When asked where his inspiration comes from, Recker smiled.

“I don’t want to know,” he said. ”To me it’s less about understanding why it’s happening than seeing it happen and letting it flow. There’s no recipe here. The product world thrives on new. Too much repetition and you’re dead in the water.”

Speaking of new, on December 10, Pantone announced its “color of the year” for 2011 — Honeysuckle, a warm tone between pink and red which the company describes as “a captivating, stimulating color that gets the adrenaline going — perfect to ward off the blues.” Last year’s color, by the way, was turquoise. Though Recker said he has nothing to do with choosing the color of the year, per se, the concept behind it matches his narrative for the coming year.
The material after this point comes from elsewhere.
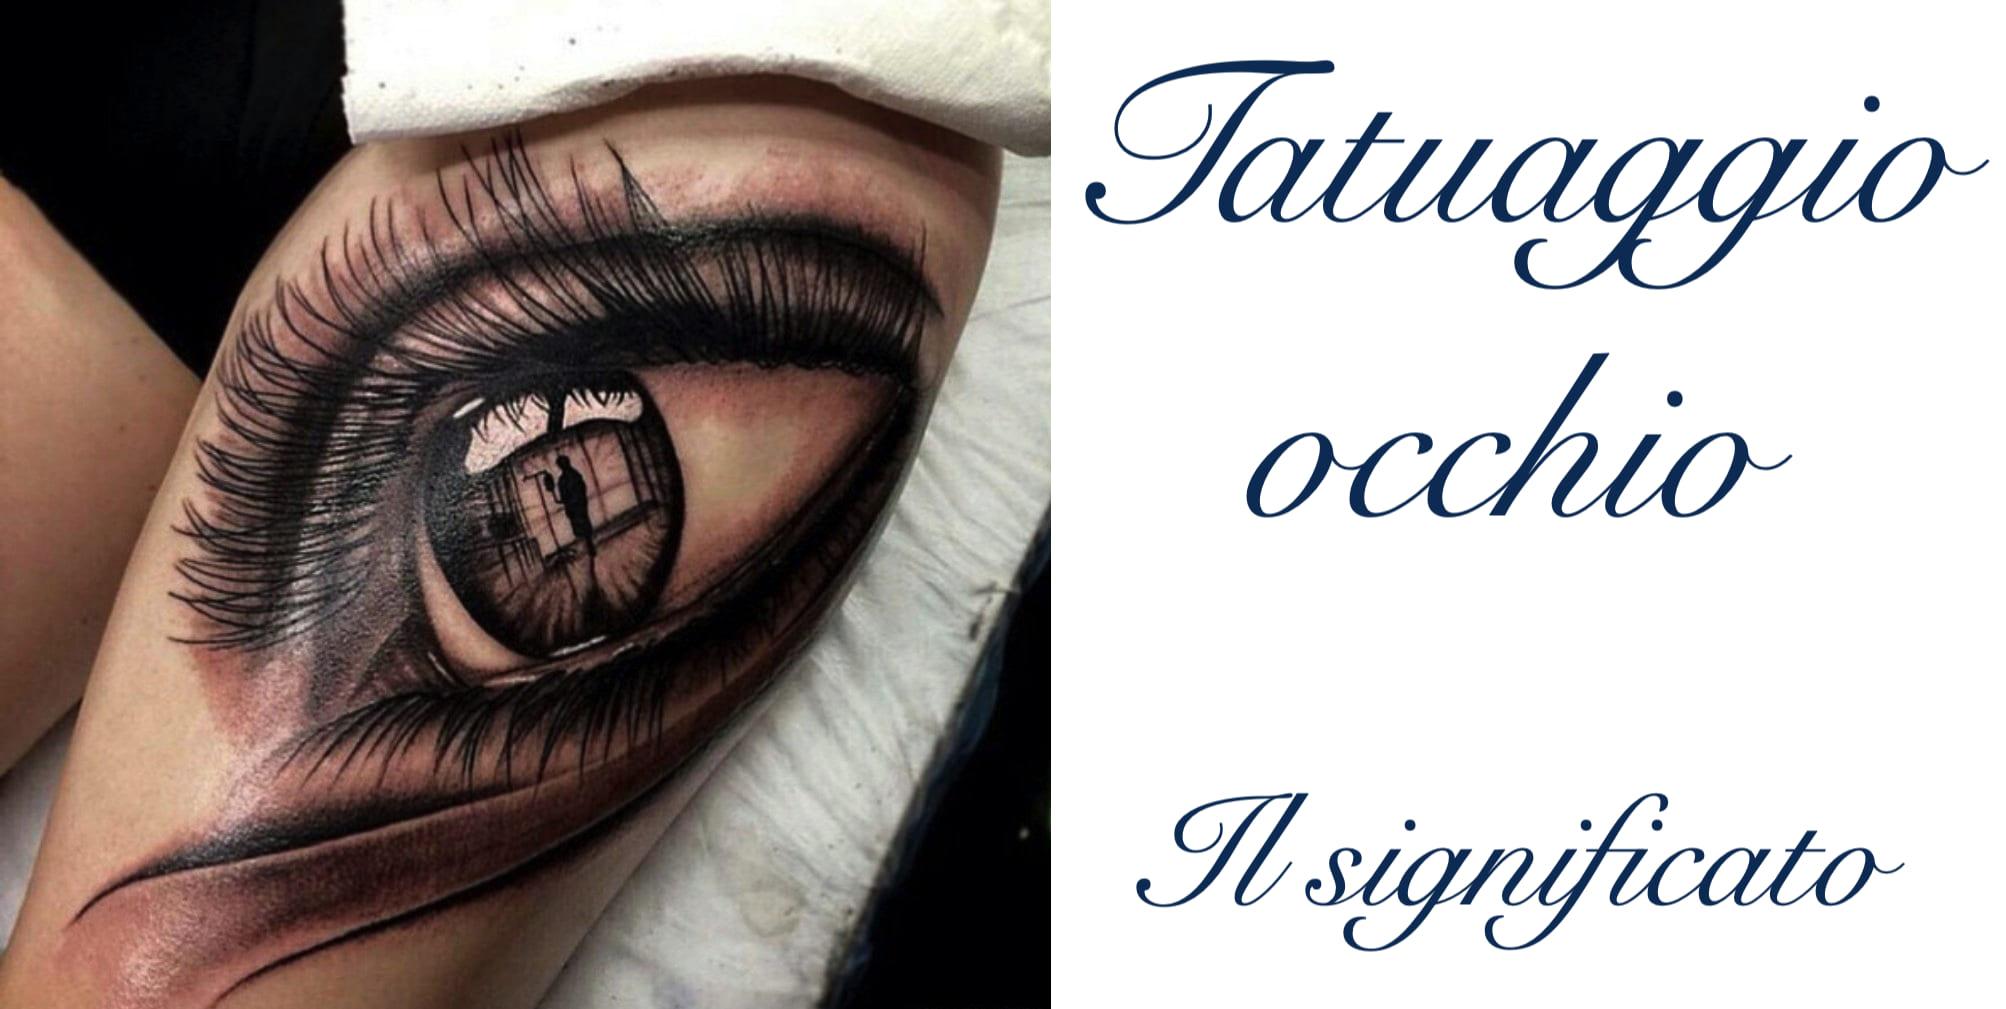 Tatuaggio Tattoo Occhio Significato

To focus his Spring 2011 palettes, Recker chose to present them using five different personality types: the Contemplative, the Wanderer, the Seducer, the Wallflower and the Romantic.
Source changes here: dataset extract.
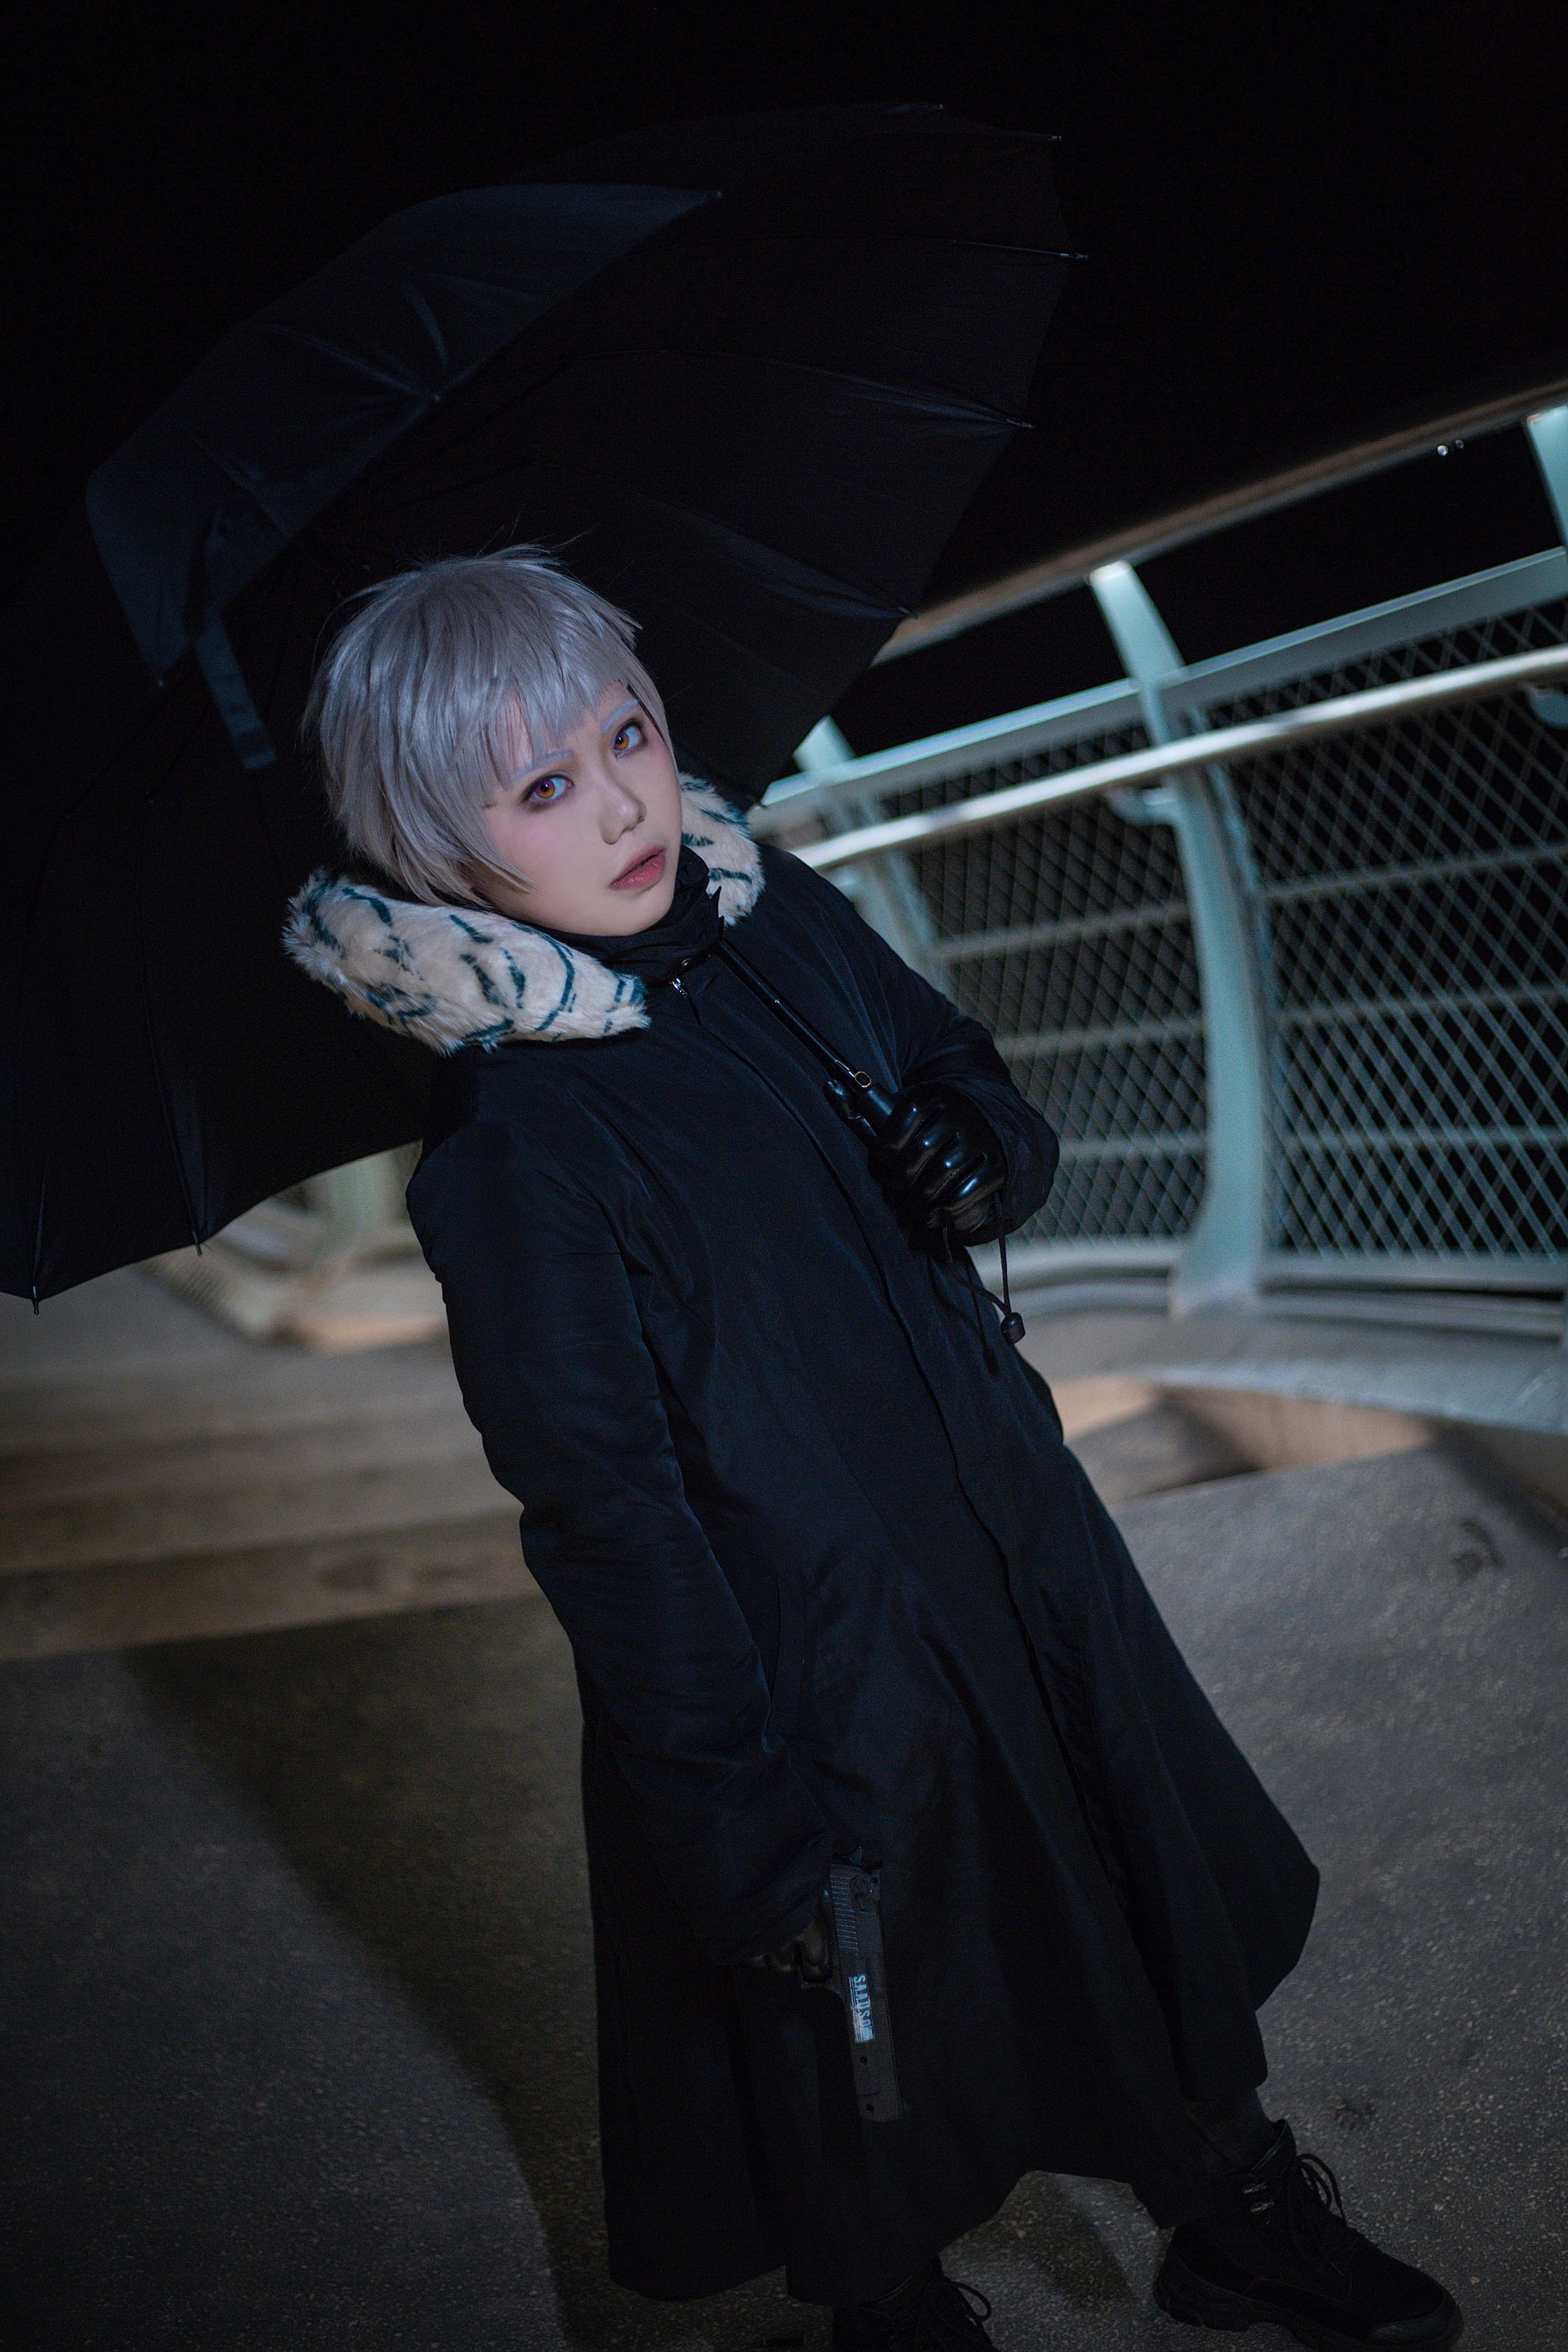 《文豪野犬》文豪野犬中岛敦cosplay【CN:社畜BOT】-第6张

Recker’s presentation for the Contemplative, for example, is a blend of earth tones ranging from cream-colored shades to muted reds, followed by a series of artistic and graphic design images, including a picture of chestnut brown hair pinned back with a clip made to look like a small twig.

“[The Contemplative] is people being very thoughtful about what’s going on,” Recker explained. “There’s going to be some neutrals and some naturals; but, the insistence on prettiness is coming back, so we see beautiful lavenders and a beautiful, dark red.”

This concept is similar to a color palette Recker projected two years back, which emphasized recycled and environmentally friendly design.

“You had lots of cardboard color, craft paper, those shades of green that signaled sincerity and naturalness,” he said.

That idea of using “gritty” recycled materials, however, has run its course, Recker said.

To explain the difference, Recker points to a shade of pale white from the Contemplative color palette on his computer: “This is wood that hasn’t been stained, or pushed through a chipper and reconstituted with environmentally safe epoxy,” he said. “It has the simplest, freshest wax treatment.”

Though Recker has yet to see whether these 2011 predictions are on the ball, the present moment is a fleeting concern for a forecaster. Recker is already planning for 2013.

And as for what we can expect to see in 2012, Recker said the presidential elections will most likely play a big part in forming our national mindset.

“You can probably predict a pretty high volume [of interest] and lots of shouting. So, how’s that going to feel? How’s that going to look? How is our visual environment going to accommodate that?”

After a silent pause, Recker answers.

“In our cultural context, colors have messages,” he said. “ And you [have to] pay attention to what has already been done and what feels like it has a lot of energy, as well as what the likely social, psychological, emotional, political and economic landscapes are. Then, somehow, it just happens. A picture comes together.”

“You just have to think about it,” he added. “You just have to think about it all the time.”